===== Dataset extract

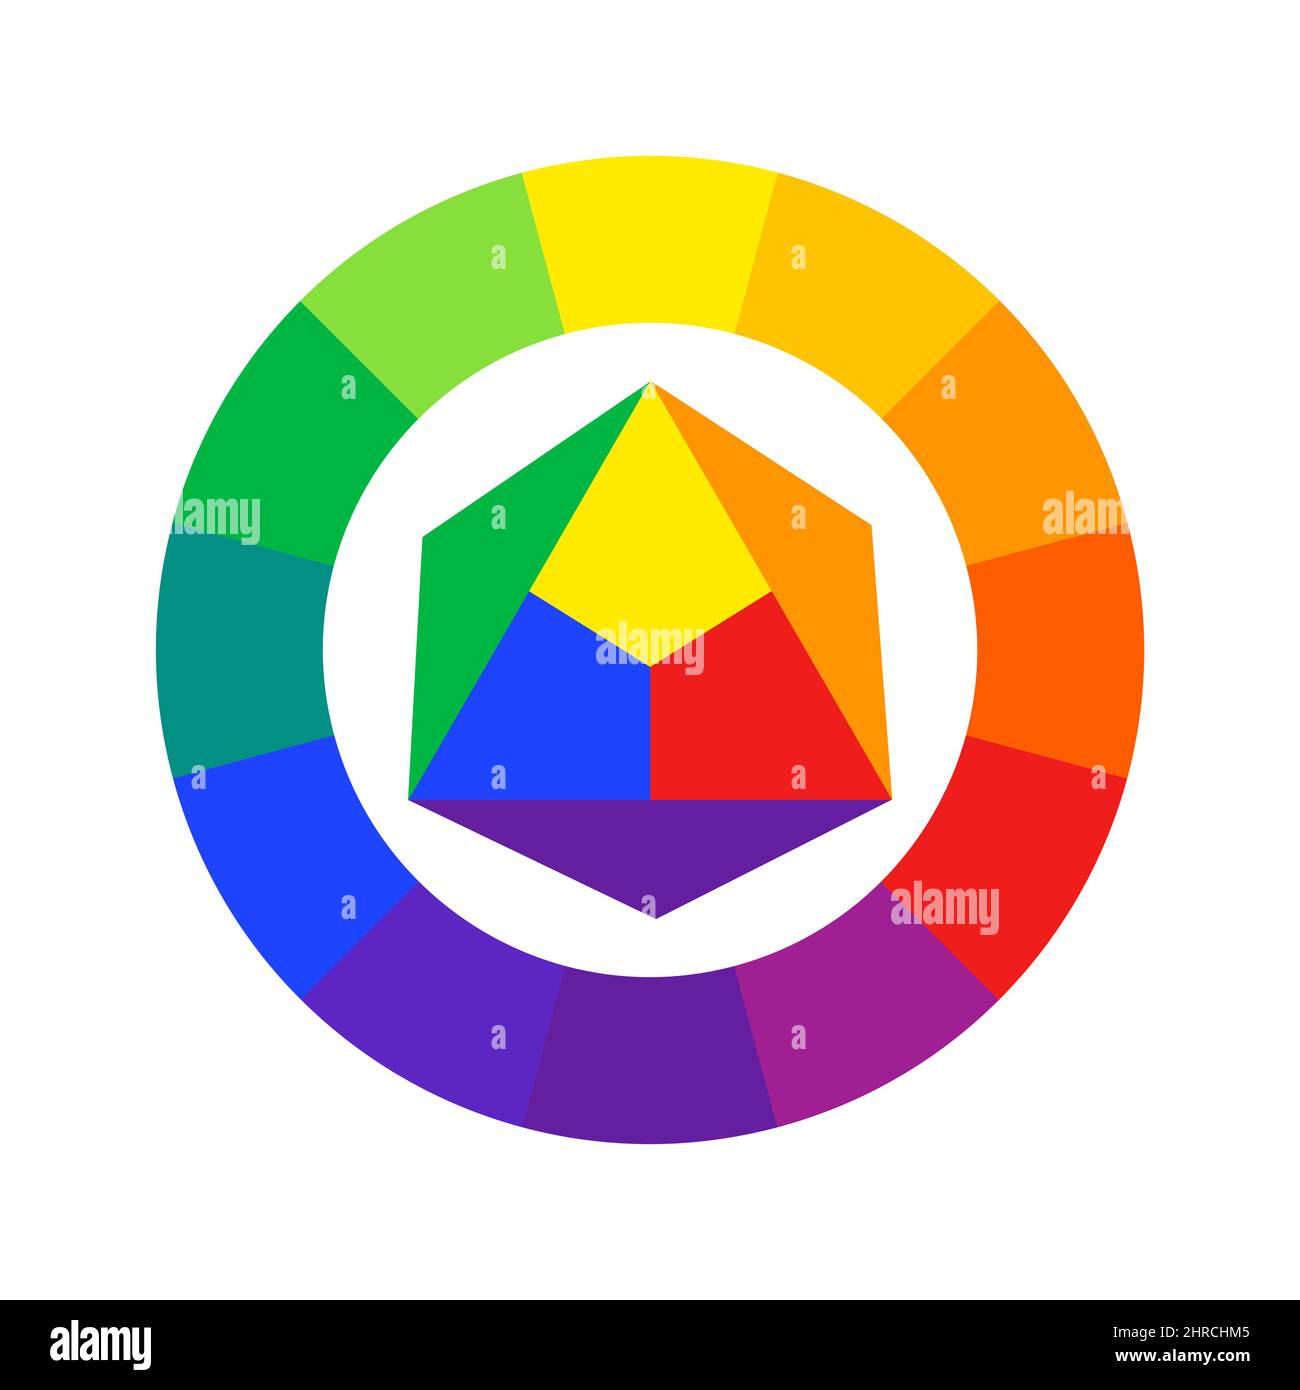 Guide de roue de couleur basé sur le modèle RYB. Mélange des couleurs primaires rouge, jaune, bleu. Le système de couleurs est utilisé par les artistes Illustration de Vecteur
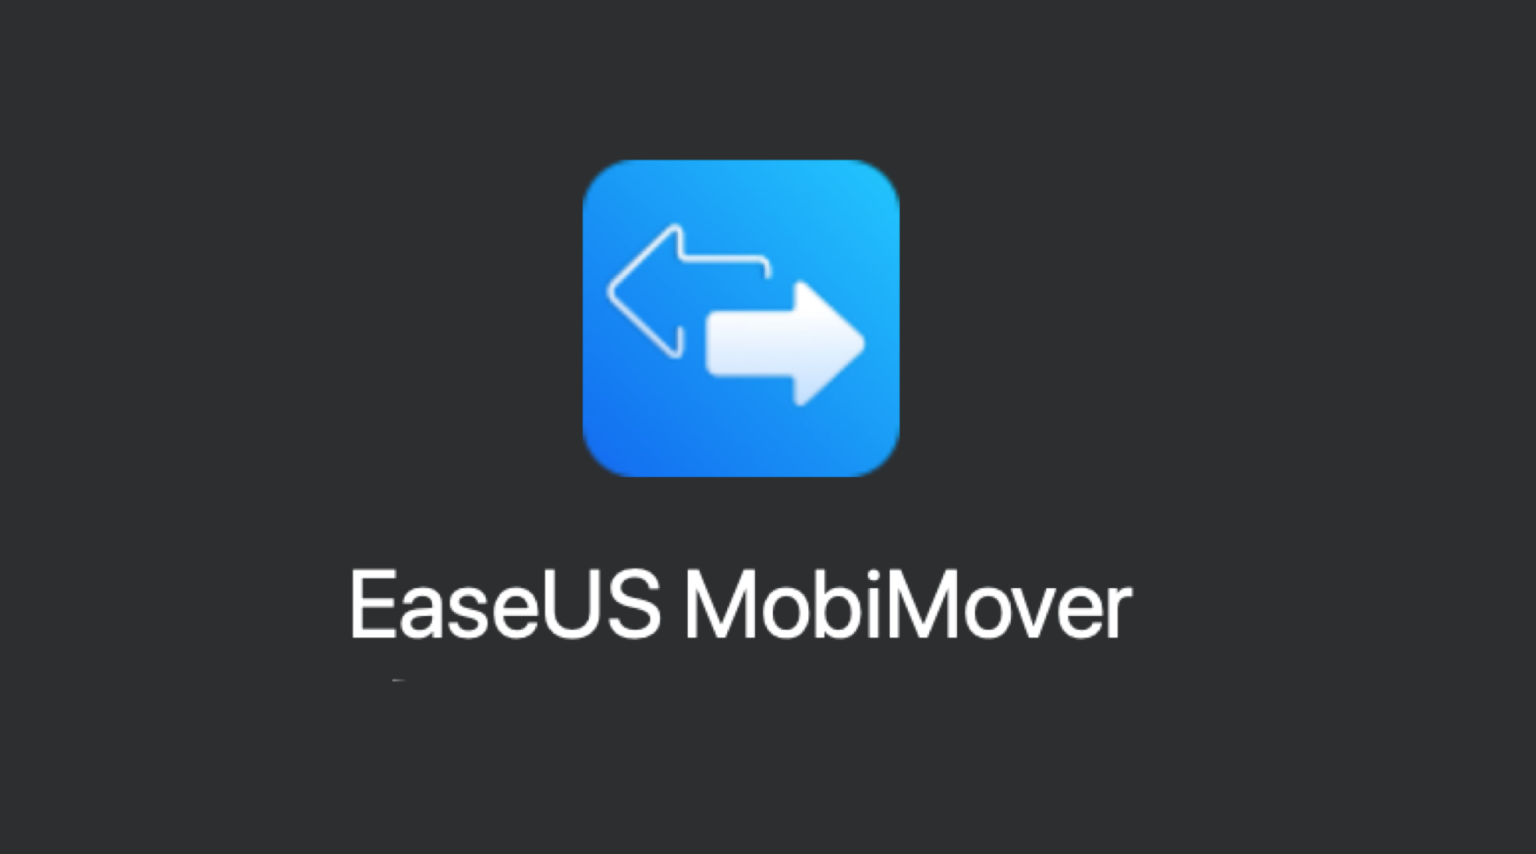 easeus mobimover free 4.5
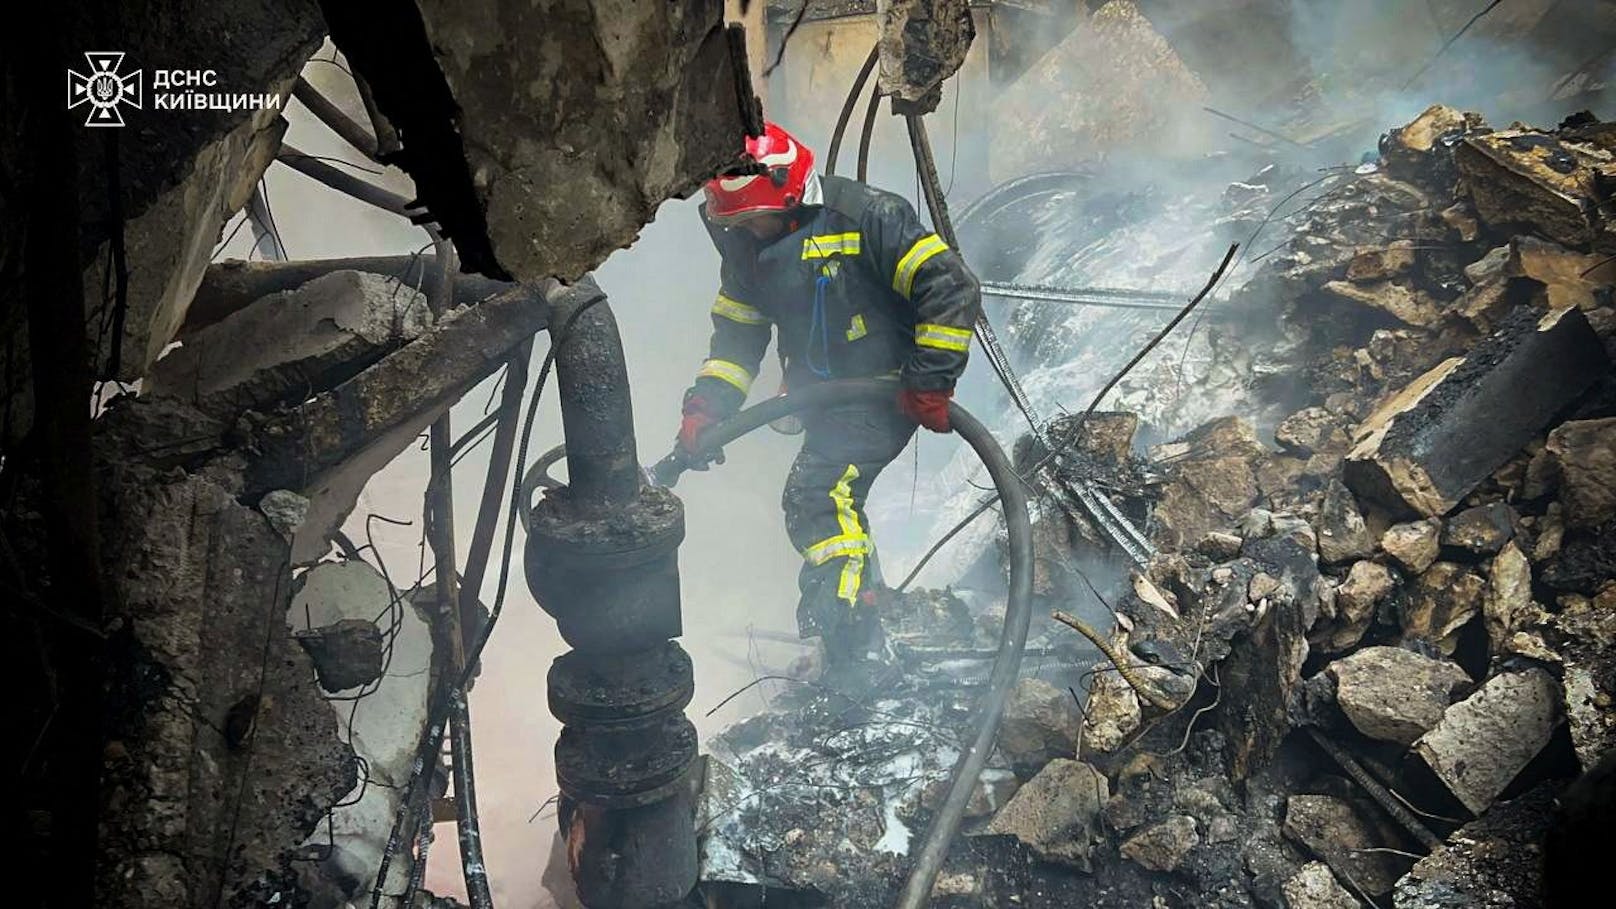 Feuerwehrleute retten 5 Welpen aus zerstörtem Haus
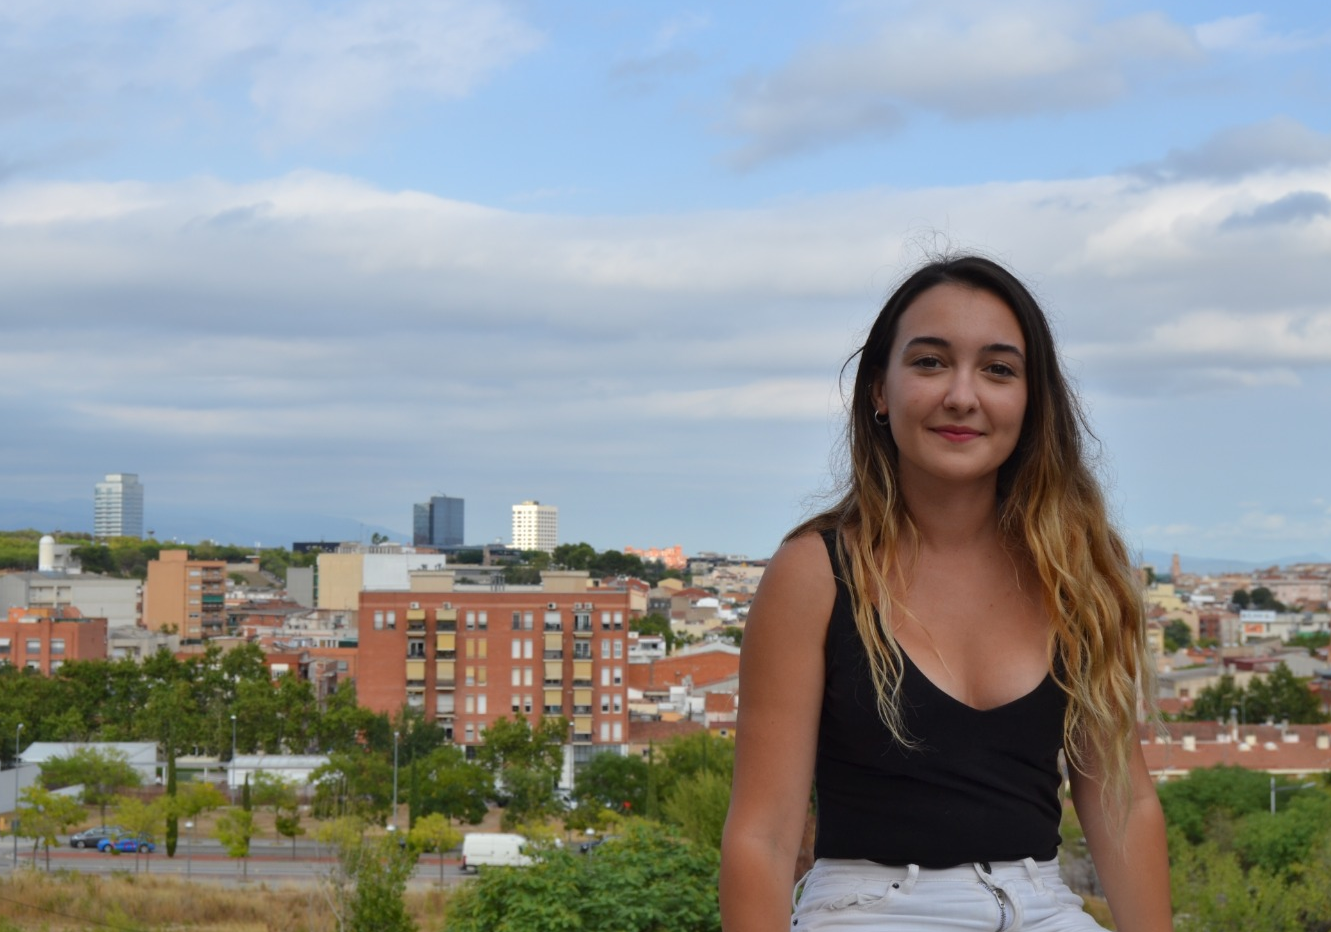 El Jovent Republicà de Sabadell ha escollit a Laia Silvestre per ser la nova portaveu

==========

Your task
The expected result is the data above in exact form, free of pictures.

Response
 Guide de roue de couleur basé sur le modèle RYB. Mélange des couleurs primaires rouge, jaune, bleu. Le système de couleurs est utilisé par les artistes Illustration de Vecteur
 easeus mobimover free 4.5
 Feuerwehrleute retten 5 Welpen aus zerstörtem Haus
 El Jovent Republicà de Sabadell ha escollit a Laia Silvestre per ser la nova portaveu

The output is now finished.